Author Name: Dr. Sushmita Sil1, Rukmani Gharpinde2

Volume: 03/01

Country: India

DOI NO.: 08.2020-25662434 DOI Link: https://doi-ds.org/doilink/06.2025-16274424/GIJNR

Affiliation:

1. Principal, Hind School and College of Nursing, Barabanki, Uttar Pradesh, India
2. Associate Professor, Mitali Institute of Nursing, Balaghat, Madhya Pradesh, India

ABSTRACT

The use of psychotropic medications during pregnancy and lactation presents a complex clinical challenge, requiring a careful balance between maternal mental health and fetal or neonatal safety. Mental health disorders such as depression, anxiety, bipolar disorder, and schizophrenia are prevalent among women of childbearing age, and untreated illness can lead to adverse outcomes for both mother and child. However, concerns about teratogenicity, neonatal adaptation syndrome, and long-term neurodevelopmental effects often lead to hesitation in prescribing or continuing psychotropic medications during these critical periods. This review explores the classification of psychotropic drugs, their pharmacokinetics, associated risks, and the consequences of untreated maternal mental illness.
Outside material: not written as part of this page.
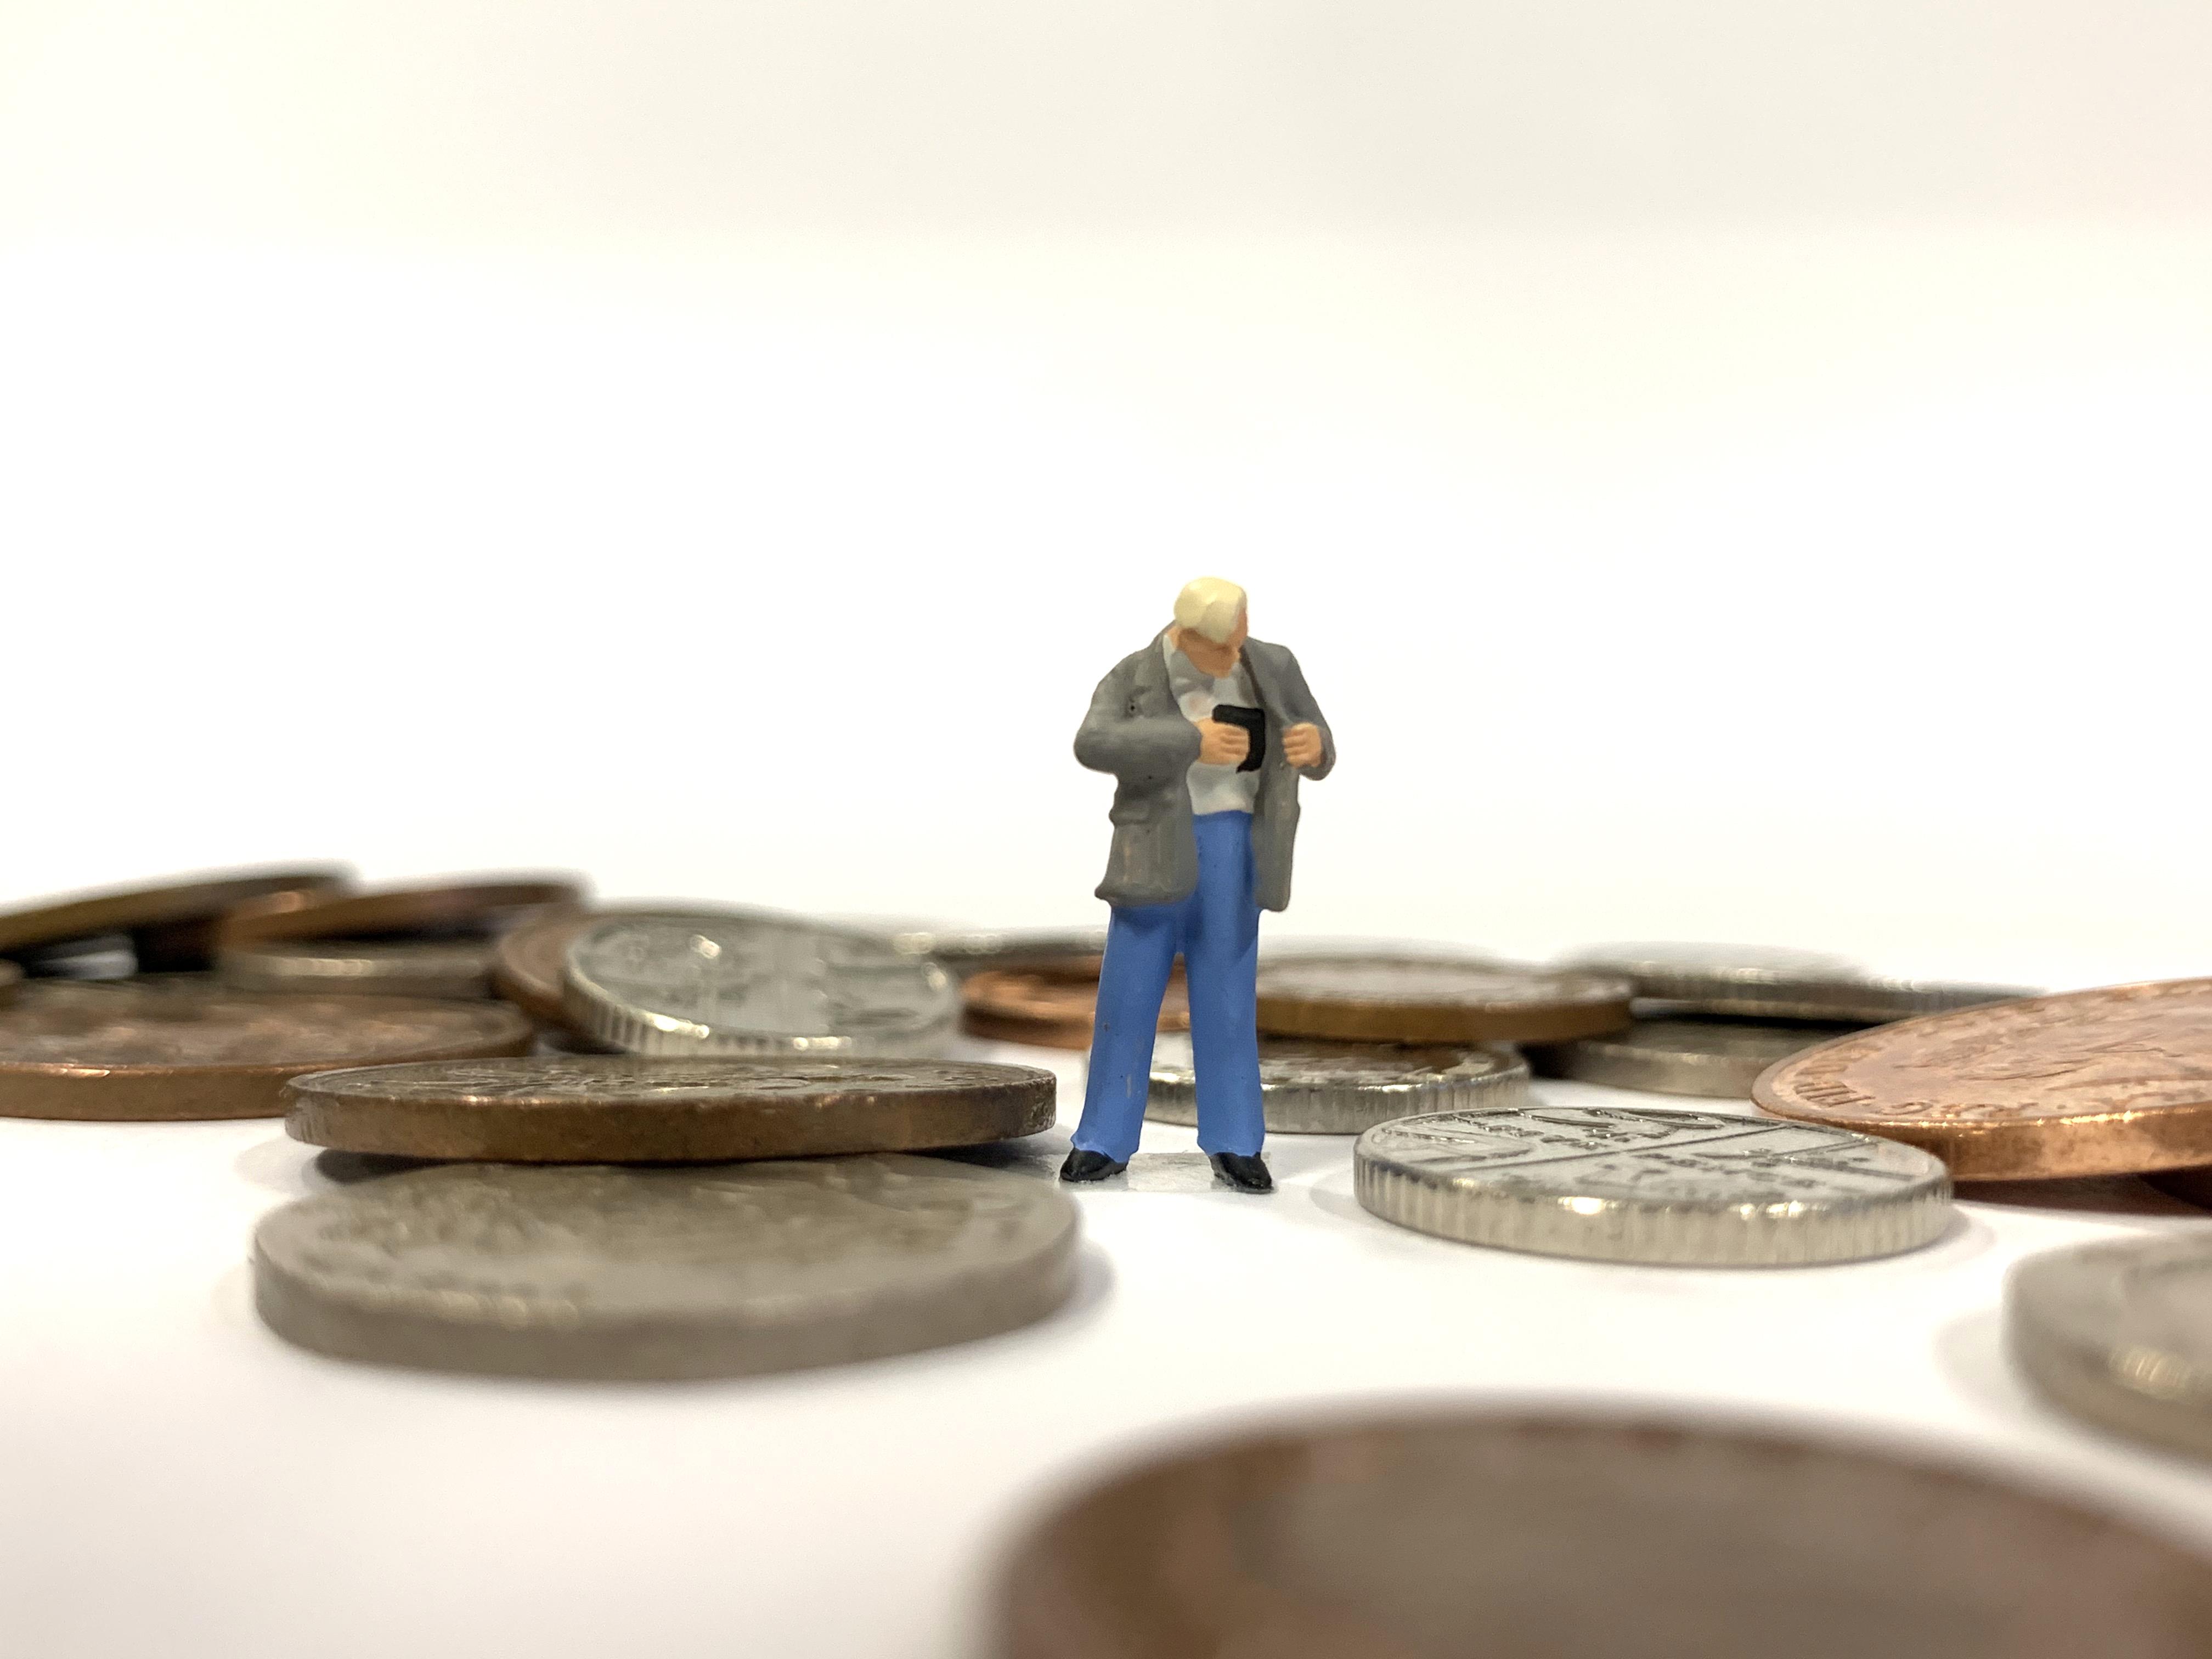 Small model figure looking in wallet

It also evaluates the safety and efficacy of various medication classes, the implications of drug transfer through breast milk, and the importance of individualized clinical decision-making. The role of nurses in patient education, monitoring, and advocacy is emphasized, along with cultural and ethical considerations that influence treatment adherence. Despite growing evidence, significant gaps remain in research, particularly regarding long-term infant outcomes and the safety of newer medications. This review underscores the need for interdisciplinary collaboration and evidence-based guidelines to optimize maternal and infant health while minimizing potential risks.

Key words: Psychotropic Medication, Pregnancy and Lactation, Risk-Benefit Analysis, Maternal Mental Health, Fetal and Neonatal Outcomes.